Peter: [00:06:03] And you can’t go into it with rose colored glasses, if you will, thinking that everything in the world is perfect. There can be some really, really raw, devastating things. And you don’t know until you know. In my case, it meant losing a seven figure business. And and that that really, really hurt. If I could have gone back and talk to me. 2010, 2011, 2012. And when I had some of those intuitions and some of those concerns. I kind of shoved them off to the side and it was like, We’re family and we’re great. Everything’s going to be awesome. And I didn’t take a lot of the steps that I really should have, and I needed to way back in the day because money solves all problems, right? Yeah. No, it just makes them a lot like if something falls apart, it falls apart in a lot bigger way. And so that that was it. It’s we’re in a good place now and we’re still brothers. We still connect up and all of that. But no, we’re not in business anymore.
Andrea: [00:07:11] Gotcha. Gotcha. Well, that’s great that you are in a good place now. I can only imagine how Rocky things were for a while if everything kind of fell apart for him. But anyways, moving on. Now you’re on to impact payments. Things are great. And I, you know, I for those listening, Peter and I are in the same mastermind. So little pattern there. I say that with a lot of my guests I met them in a mastermind, so I always talk about getting in the room.
Peter: [00:07:39] So yes.
Andrea: [00:07:41] Everybody needs to get in the room. Well, actually, can we touch on that? Because you you enjoy your wife who has actually been on the podcast before, join the mastermind together. Can you touch on why you both decided to join the mastermind?

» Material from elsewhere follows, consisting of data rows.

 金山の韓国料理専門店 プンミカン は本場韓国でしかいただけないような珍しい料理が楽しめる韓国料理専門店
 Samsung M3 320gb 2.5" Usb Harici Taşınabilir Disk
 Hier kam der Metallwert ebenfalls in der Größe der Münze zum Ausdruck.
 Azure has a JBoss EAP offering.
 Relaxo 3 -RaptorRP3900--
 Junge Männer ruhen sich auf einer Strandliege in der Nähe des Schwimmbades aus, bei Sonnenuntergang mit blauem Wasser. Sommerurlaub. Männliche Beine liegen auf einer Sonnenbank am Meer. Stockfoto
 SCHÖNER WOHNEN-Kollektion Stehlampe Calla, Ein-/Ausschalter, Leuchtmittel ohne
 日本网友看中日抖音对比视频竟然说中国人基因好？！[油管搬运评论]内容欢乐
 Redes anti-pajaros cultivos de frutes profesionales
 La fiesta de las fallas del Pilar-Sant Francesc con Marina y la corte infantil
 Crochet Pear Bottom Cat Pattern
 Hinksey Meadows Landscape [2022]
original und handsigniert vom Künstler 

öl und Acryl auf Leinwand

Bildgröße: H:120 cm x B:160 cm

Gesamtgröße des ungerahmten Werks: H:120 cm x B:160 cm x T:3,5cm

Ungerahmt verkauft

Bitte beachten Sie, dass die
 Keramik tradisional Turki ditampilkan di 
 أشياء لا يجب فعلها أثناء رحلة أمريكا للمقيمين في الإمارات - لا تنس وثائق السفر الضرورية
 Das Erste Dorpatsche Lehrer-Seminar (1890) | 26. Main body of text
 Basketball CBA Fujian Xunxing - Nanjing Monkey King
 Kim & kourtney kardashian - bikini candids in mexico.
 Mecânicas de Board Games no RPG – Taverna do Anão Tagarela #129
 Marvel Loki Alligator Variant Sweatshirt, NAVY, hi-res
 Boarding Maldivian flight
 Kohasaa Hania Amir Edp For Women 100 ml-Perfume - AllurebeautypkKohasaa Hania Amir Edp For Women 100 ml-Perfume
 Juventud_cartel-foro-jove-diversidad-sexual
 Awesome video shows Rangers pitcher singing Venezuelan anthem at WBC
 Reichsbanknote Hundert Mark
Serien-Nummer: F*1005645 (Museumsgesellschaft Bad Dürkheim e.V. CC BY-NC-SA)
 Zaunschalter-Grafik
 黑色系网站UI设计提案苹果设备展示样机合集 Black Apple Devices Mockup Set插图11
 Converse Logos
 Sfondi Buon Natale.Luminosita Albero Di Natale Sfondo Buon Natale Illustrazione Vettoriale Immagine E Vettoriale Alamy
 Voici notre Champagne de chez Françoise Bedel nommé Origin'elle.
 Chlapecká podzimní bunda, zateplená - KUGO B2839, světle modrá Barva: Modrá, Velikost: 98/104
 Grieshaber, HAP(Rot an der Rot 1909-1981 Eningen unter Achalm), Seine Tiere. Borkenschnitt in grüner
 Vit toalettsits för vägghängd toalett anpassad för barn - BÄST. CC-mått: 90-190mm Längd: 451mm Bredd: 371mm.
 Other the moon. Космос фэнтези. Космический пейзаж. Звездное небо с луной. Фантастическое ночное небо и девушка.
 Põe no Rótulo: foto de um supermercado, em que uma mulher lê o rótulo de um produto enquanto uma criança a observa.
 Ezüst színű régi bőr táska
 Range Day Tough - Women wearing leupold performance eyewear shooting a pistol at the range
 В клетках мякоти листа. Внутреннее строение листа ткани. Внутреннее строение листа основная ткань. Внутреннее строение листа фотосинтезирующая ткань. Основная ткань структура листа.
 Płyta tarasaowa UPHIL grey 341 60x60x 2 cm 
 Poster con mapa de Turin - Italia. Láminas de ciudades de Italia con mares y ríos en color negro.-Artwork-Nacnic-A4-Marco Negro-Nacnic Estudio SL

Peter: [00:07:59] Well, you’ve heard the saying it’s lonely at the top. Yes. And I actually want to challenge that. Same because if what you focus on, you get more of and a lot of times super achievers really put these blinders on when they’re building their business. And then all you have to do is just really realize, hey, there’s actually some other super achievers, too, also building their business. And we we love to connect up. And so it’s that camaraderie and community connection. Those those are the reasons why that we we really chose to jump all in. And then, of course, the benefits are. I’ve learned. Ten years worth of content in six or seven months. Yeah, ten years of lessons. And I am in business with a partner right now. I brought a partner on. And so Luciana and I, she’s been in the payments business for 15 years. I’ve been in it for almost 17 years, 17 years now, and I wouldn’t have been in that place. I was still kind of stuck in that solopreneur route and being able to actually pivot to the entrepreneur road of realizing there’s some really key things that I’m World-Class at. And then I get to delegate, eliminate and automate everything else that doesn’t fit those those things. And so those are some of the key lessons I learned last year. And of course I renewed and hopped in for one more year because it was just so good being in that mastermind with you. Andrea I love that. And I guess I’d say it’s that camaraderie, community connection, and then just learning all those things. That was it. It blew my mind. All the stuff we learned in such a short time.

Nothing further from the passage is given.